*** Opening of Provided data ***

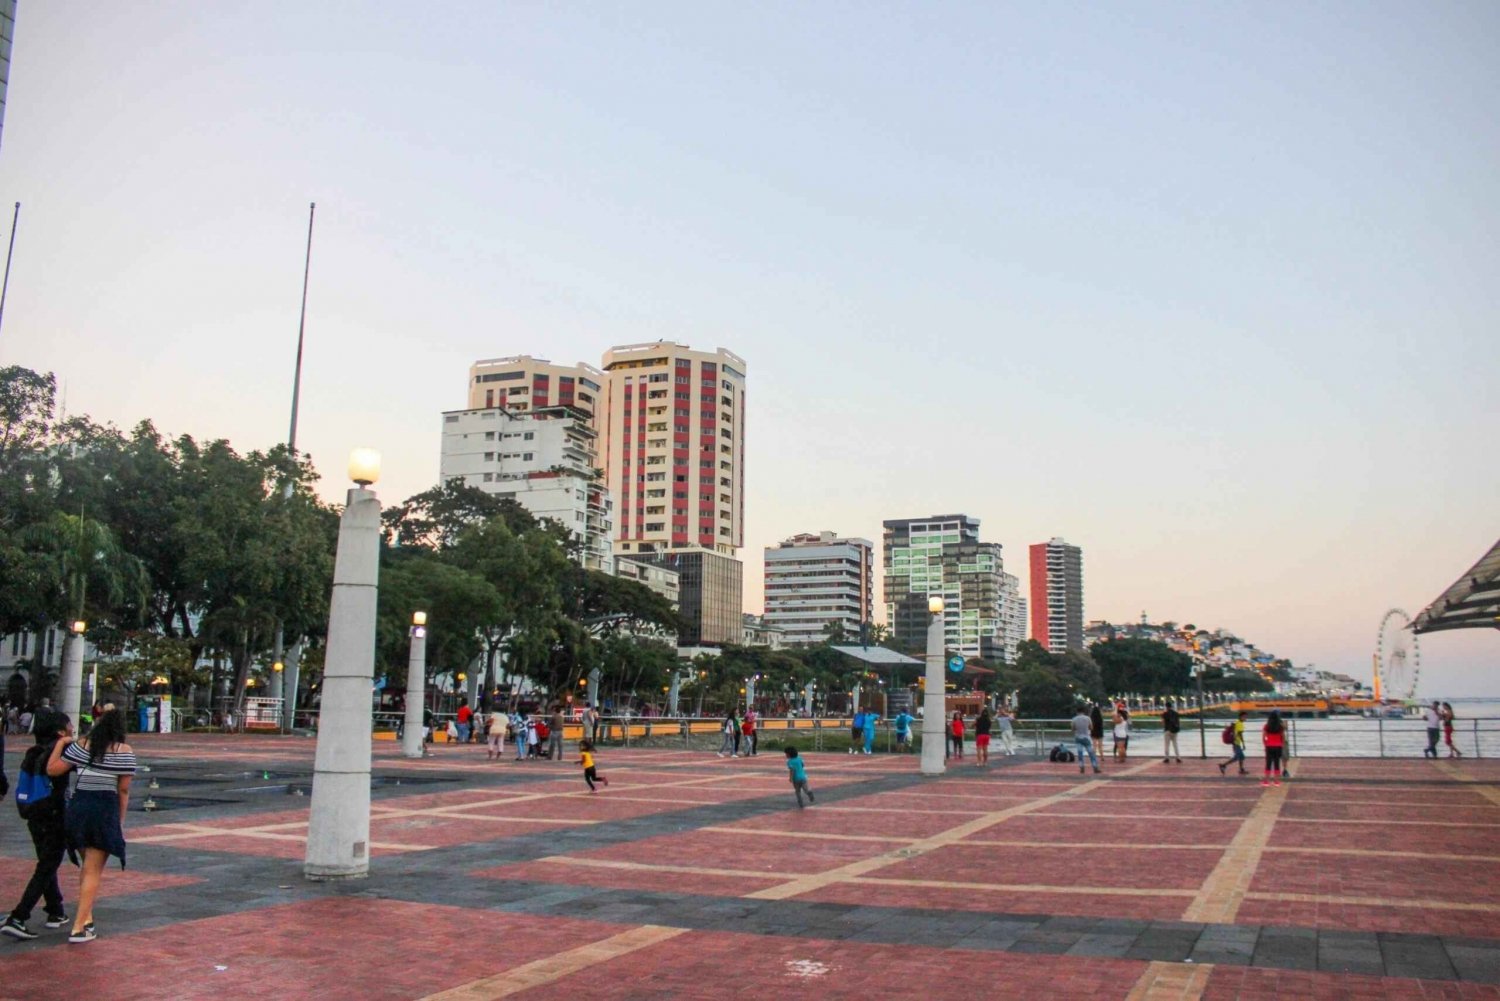 Self-guided walking tour of Guayaquil's landmarks.
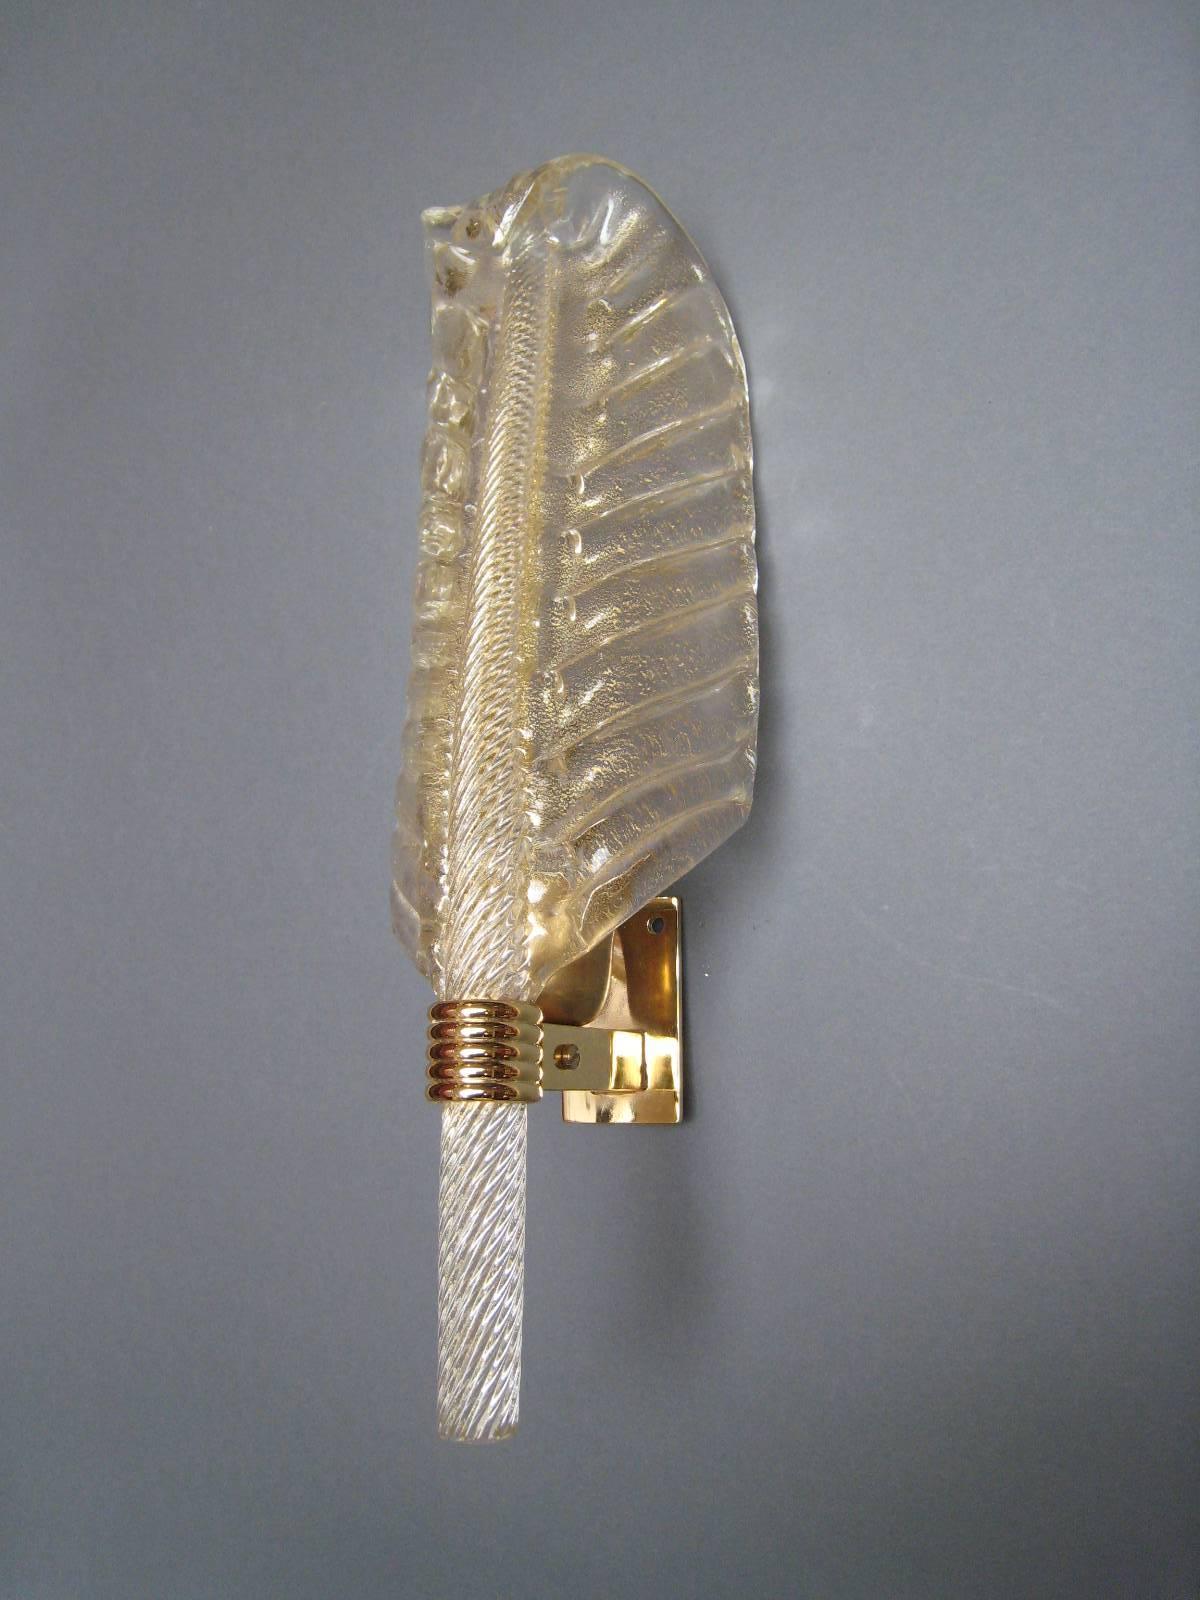 Blown Murano glass with warm gold inside feather shaped , gold brass structure.
Seguso Manufacture.

*** Close of Provided data ***

Make a word-for-word repeat of the material, skipping all pictures.

 Self-guided walking tour of Guayaquil's landmarks.
 Blown Murano glass with warm gold inside feather shaped , gold brass structure.
Seguso Manufacture.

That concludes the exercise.